Dooke's mode of dispersing the boys, and the officiating clergyman's comment upon it, parenthesized into the middle of the most solemn sentence of the burial-service, were too much for the usual stern gravity of my clerical friend, and, under pretence of shedding tears, he buried his face in his handkerchief and his handkerchief in his hat and shook with laughter.

Speaking of funerals reminds me of a congenial subject.—Nothing in New York astonishes visitors from the country so much as the magnificent coffin-shops, rivalling, in the ostentatious and tempting display of their wares, the most elegant stores on Broadway. Model coffins, of the latest style and pattern, are set up on end in long rows and protected by splendid show-cases, with the lids removed to exhibit their rich satin lining. Fancy coffins, decorated with glittering ornaments, are placed seductively in bright plate-glass windows, and put out for baiting advertisements upon the side-walks: as much as to say, "Walk in, walk in, ladies and gentlemen! Now's your chance! here's your fine, nice coffins!"—while in ornamental letters upon extensive placards hung about the doors, "IRON COFFINS," "ROSEWOOD COFFINS," "AIR-TIGHT COFFINS," "MAHOGANY COFFINS," "PATENT SARCOPHAGI," address the eyes and appeal to the purses of the passers-by. And I saw in one of these places, the other day, painted on glass and inclosed in an elegant gilt frame, "ICE COFFINS," which struck me as queer enough. As though it were not sufficiently cool to be dead!

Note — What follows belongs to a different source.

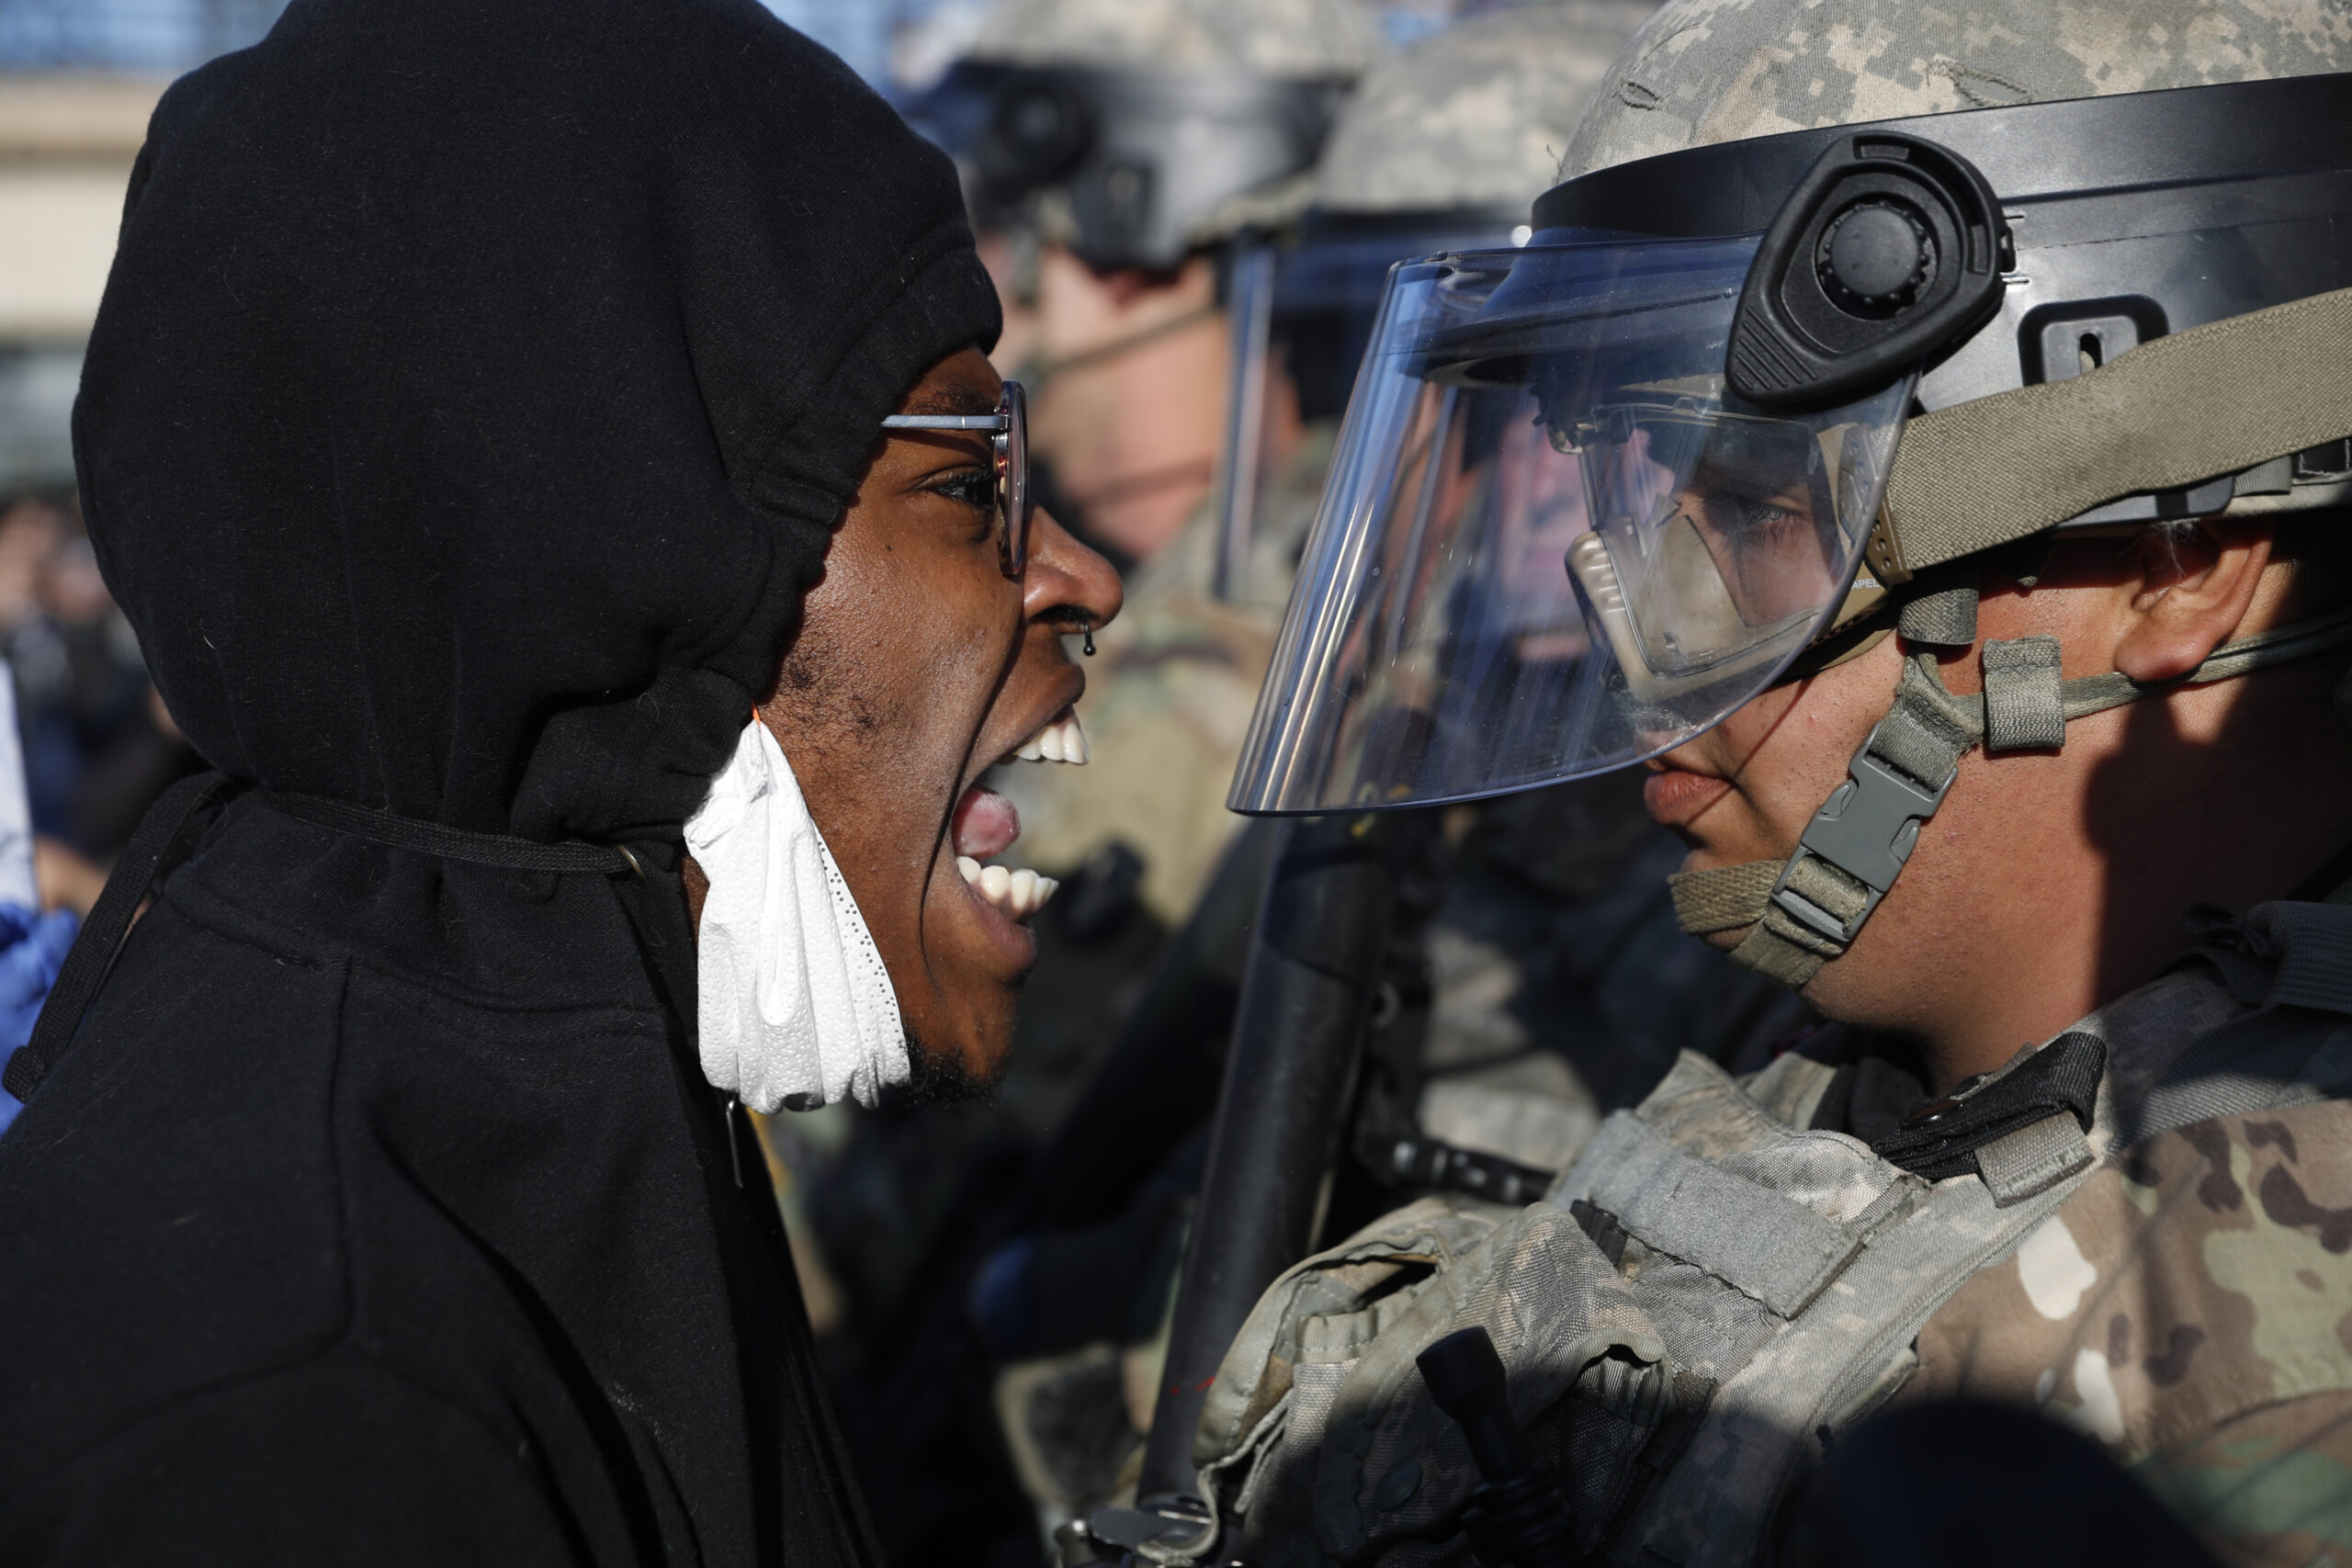 A protester yells at a member of the Minnesota National Guard in Minneapolis

It seems to me, that, in this matter, the undertakers, digging a little too deep below the surface of the present age, have thrown out some of the mystical and grotesque remains of a very antique religious faith, which look as singular just now to the eyes of common people as would an Egyptian temple with its sacred Apis in Broadway, or a Sphinx on Boston Common. To the eyes of an old Egyptian, no object could be more grateful than the sarcophagus in which he was to repose at death. He purchased it as early in life as he could raise the means, and displayed it in his parlor as an attractive and costly ornament. Indeed, I do not know but it was useful as well, and the children kept their playthings in it, or the young ladies their knitting-work and embroidery.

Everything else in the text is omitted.